# Aim of the exercise:
Everything from the line with "epa09322460 Roger Federer" to the line with "TIME FOR A BEER EMBROIDERED DISHTOWEL" in the listing below, both lines included, needs to be copied exactly, apart from the pictures.

# Source material:
· · · ·
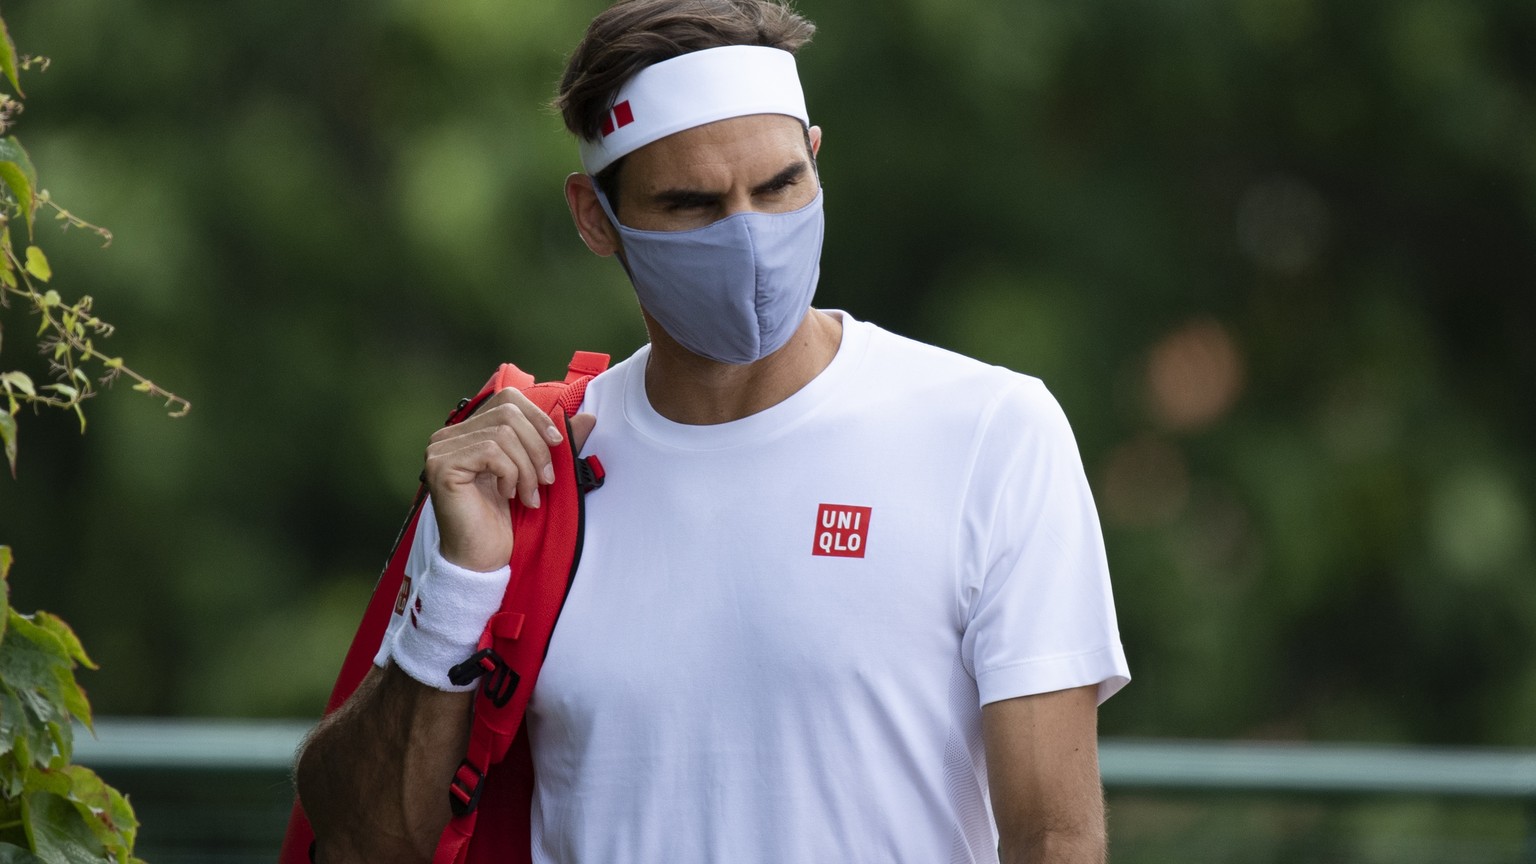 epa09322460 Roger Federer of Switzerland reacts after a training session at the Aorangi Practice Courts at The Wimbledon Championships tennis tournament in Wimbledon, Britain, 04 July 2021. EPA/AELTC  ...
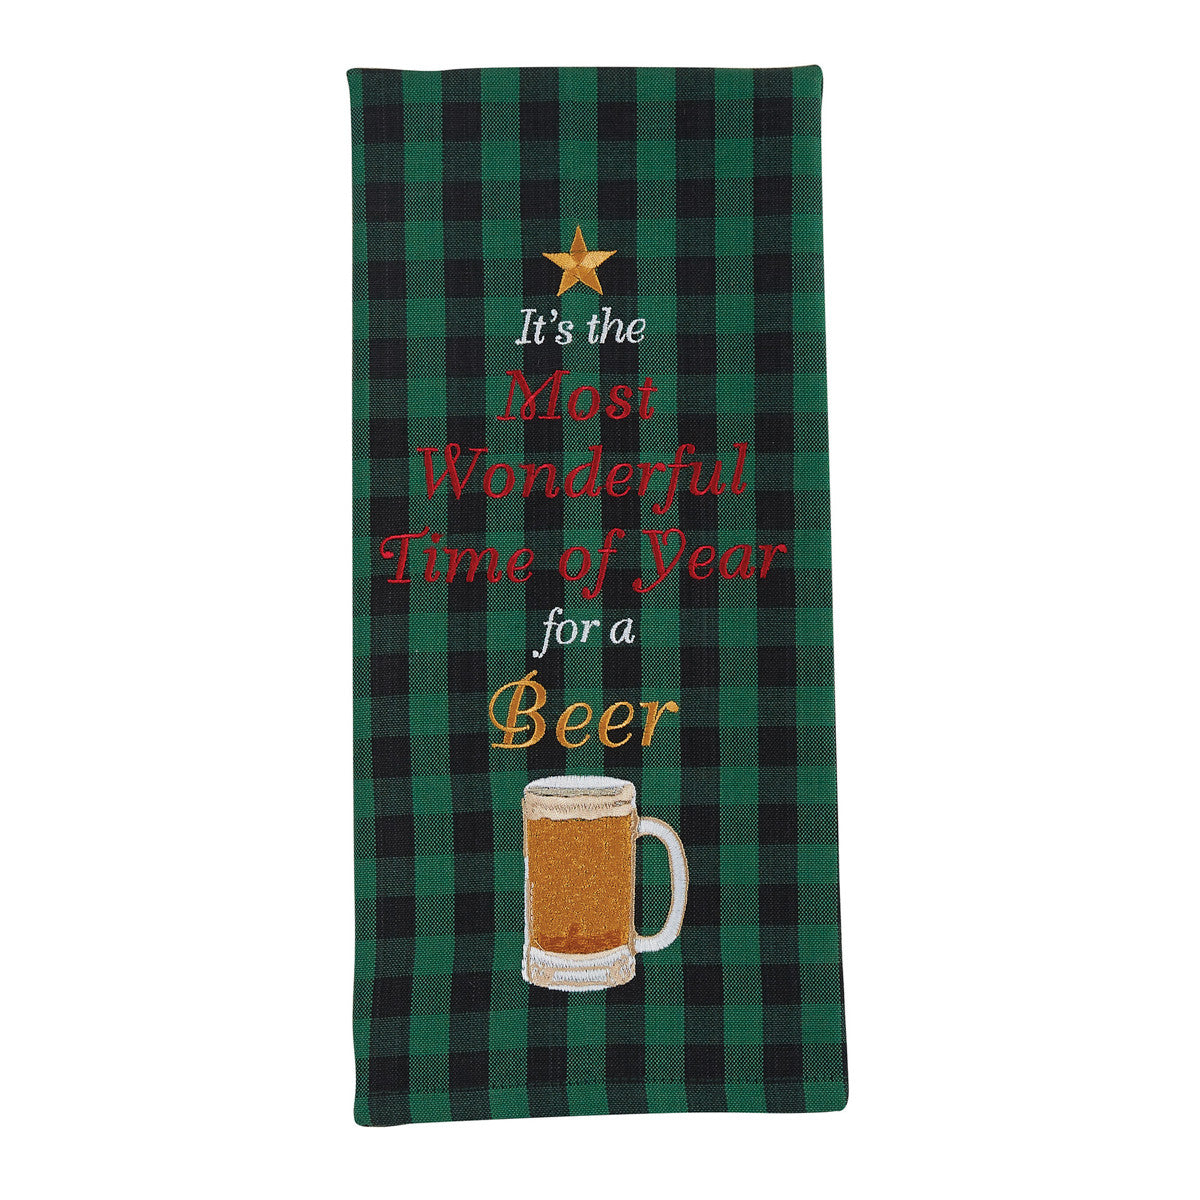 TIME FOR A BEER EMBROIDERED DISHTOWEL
· · · ·
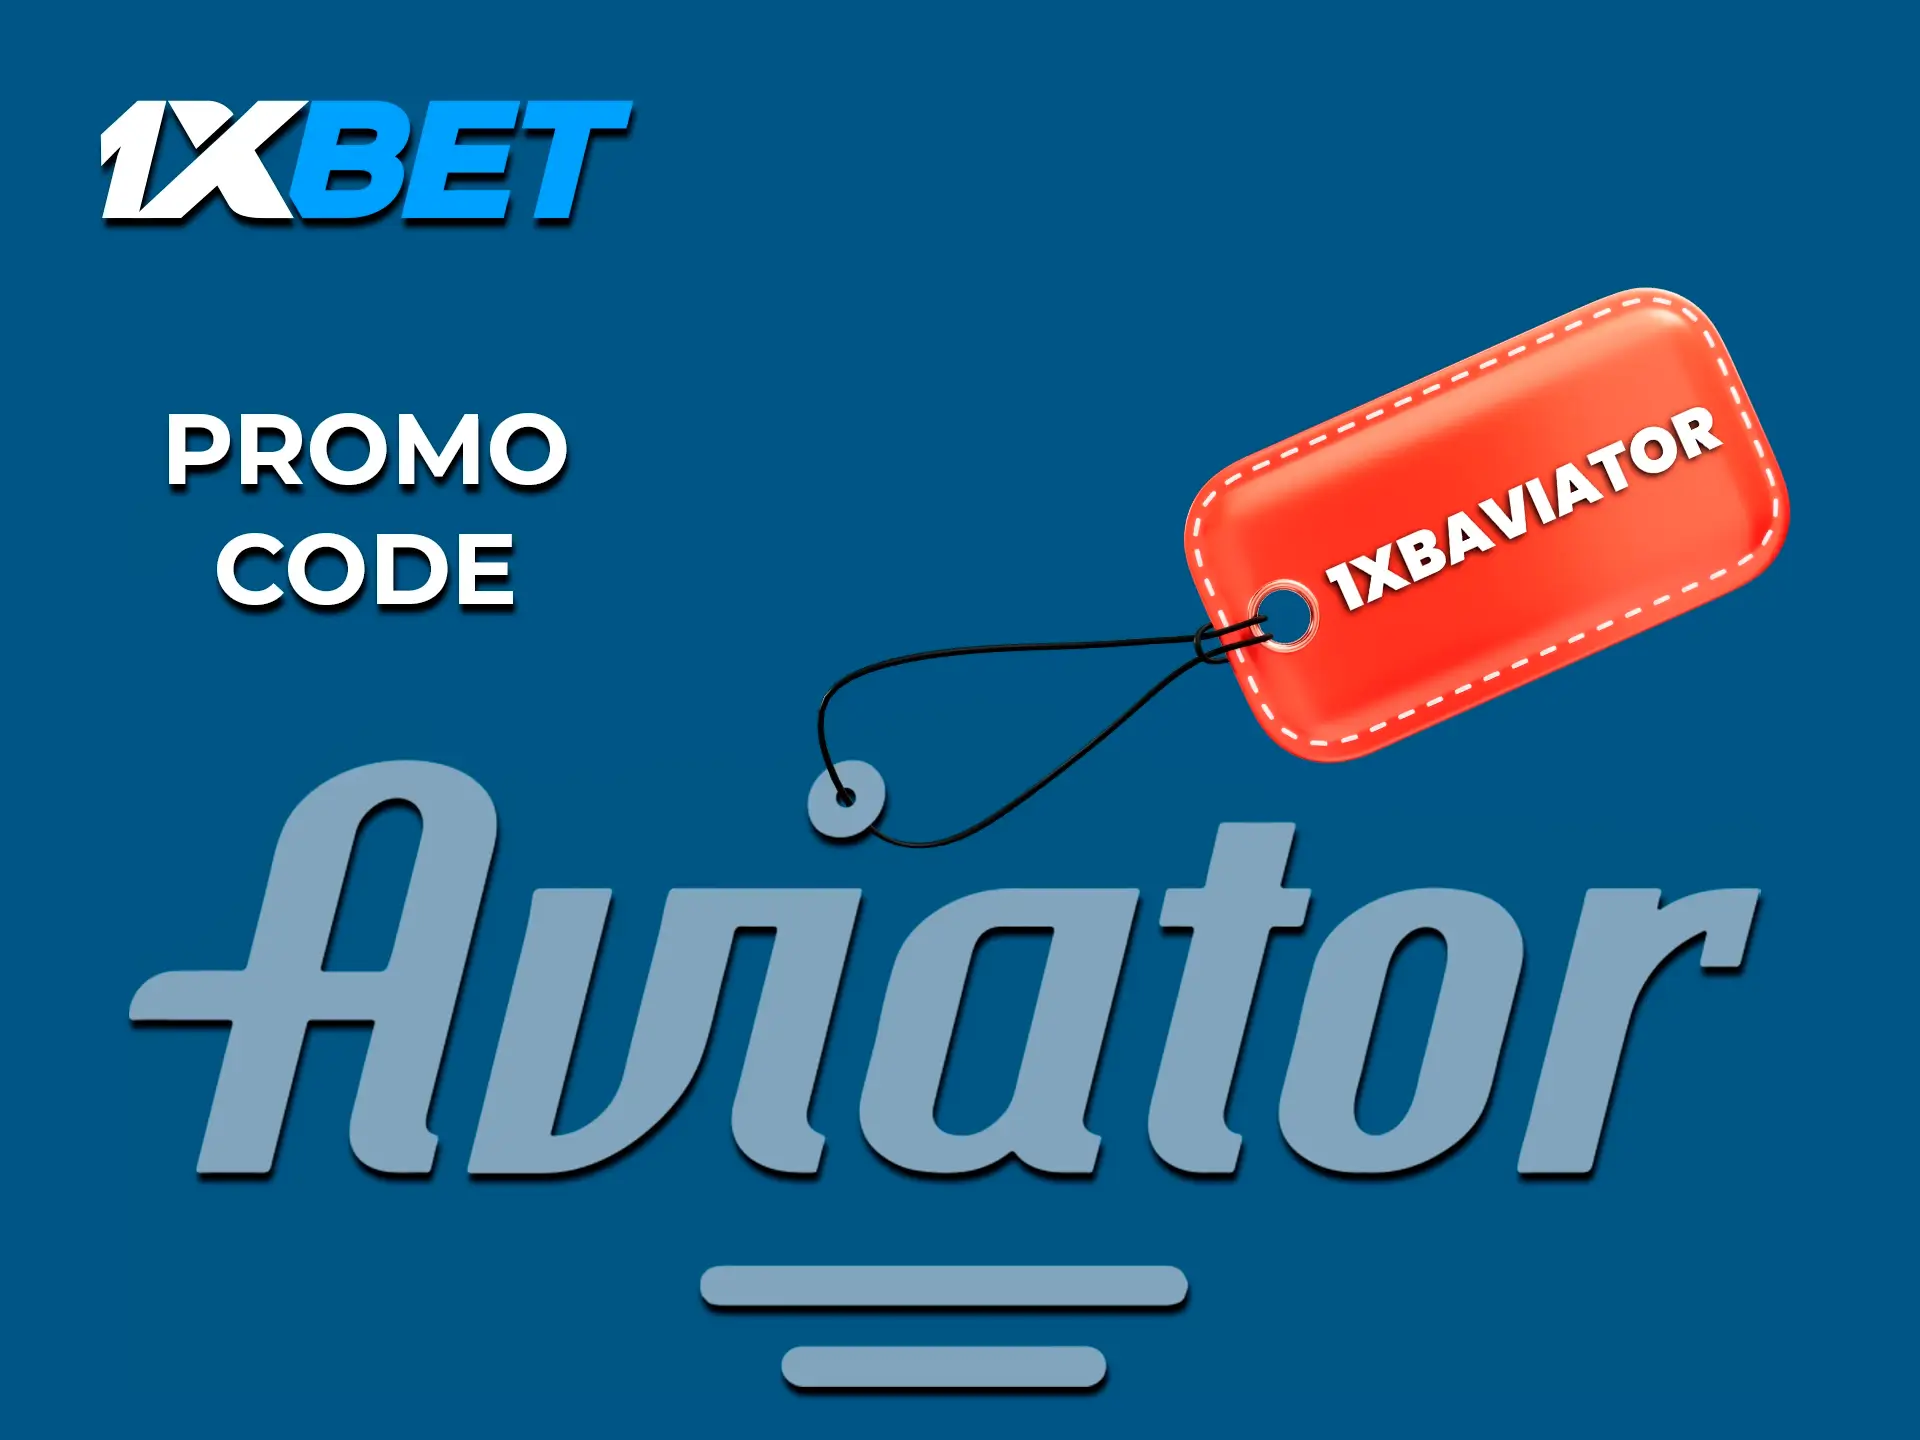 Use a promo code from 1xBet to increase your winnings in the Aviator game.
· · · ·
# Exercise response:
 epa09322460 Roger Federer of Switzerland reacts after a training session at the Aorangi Practice Courts at The Wimbledon Championships tennis tournament in Wimbledon, Britain, 04 July 2021. EPA/AELTC  ...
 TIME FOR A BEER EMBROIDERED DISHTOWEL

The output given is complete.